HALO

Type: ../types/agent-memory-system-review.md · Status: current · Tags: trace-derived

HALO is Context Labs' "Hierarchical Agent Loop Optimization" engine for improving agent harnesses from execution traces. It ingests OpenTelemetry-shaped JSONL spans, builds a sidecar trace index, gives a root agent and optional subagents bounded tools for trace inspection and sandboxed analysis, and emits a diagnostic report that a coding agent or human can turn into harness changes. The implemented behavior-changing loop is therefore two-stage: HALO produces trace-derived diagnostic knowledge; the actual harness behavior changes only when an external patch is promoted into the target harness.

Repository: https://github.com/context-labs/halo

Reviewed commit: e4f0987e2618342c8a2d3fce115636ab29b3ab1e

Last checked: 2026-05-16

Core Ideas

The primary input is flat OTel-compatible JSONL, not a proprietary memory store.
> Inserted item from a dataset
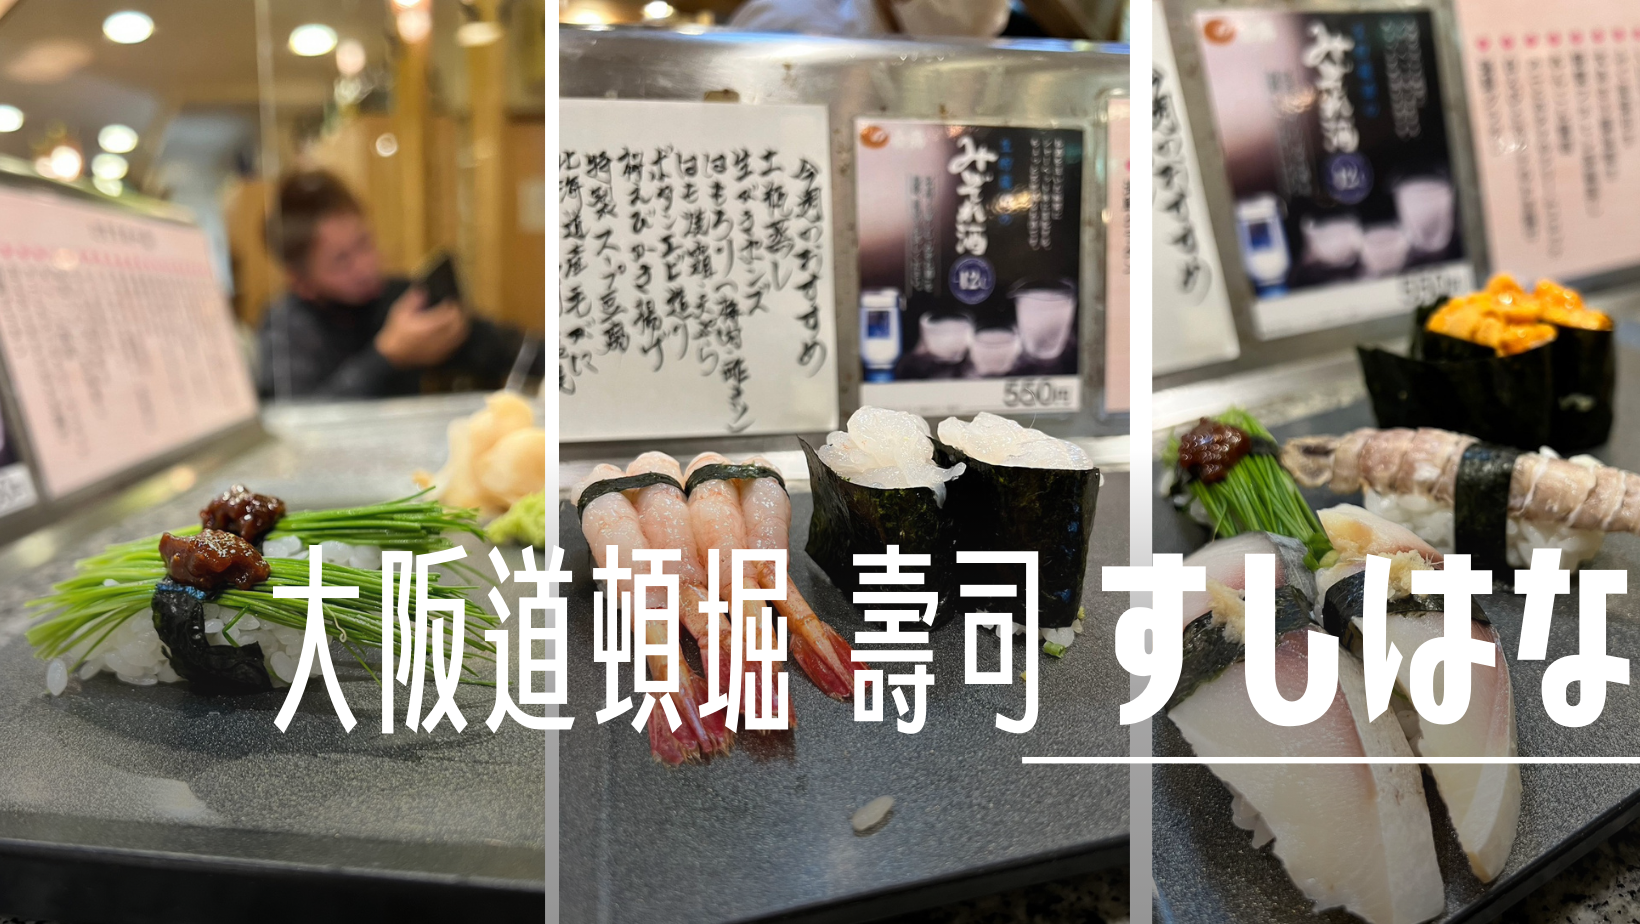 羽田機場第一航廈餐廳 Hitoshinaya (ひとしなや) 日式定食、海鮮丼飯

The OpenAI Agents SDK integration writes one JSON object per span with OTel identity fields, resource.attributes, scope, raw OpenInference-style attributes, and normalized inference.* projections such as project, observation kind, model, token counts, and agent name (docs/integrations/openai-agents-sdk.md, tracing.py). SpanRecord strongly models the top-level span fields but deliberately leaves attributes open, so HALO can preserve upstream trace detail while indexing a small stable projection (canonical_span.py). Raw traces are retained source evidence and knowledge artifacts; they are not themselves instructions.

Sidecar indexes make huge trace files navigable without replacing the raw trace. TraceIndexBuilder.ensure_index_exists(...) writes <trace>.engine-index.jsonl plus <trace>.engine-index.meta.json, reusing the sidecar only when schema version, source size, and mtime_ns still match the raw JSONL (trace_index_builder.py). Each TraceIndexRow stores byte offsets and lengths for every span in a trace plus rollups for errors, services, models, agents, project id, and token totals (trace_index_models.py). The index is a runtime/index surface with selection and seek authority; lineage stays simple because the raw JSONL remains canonical and stale sidecars are regenerated from file stats.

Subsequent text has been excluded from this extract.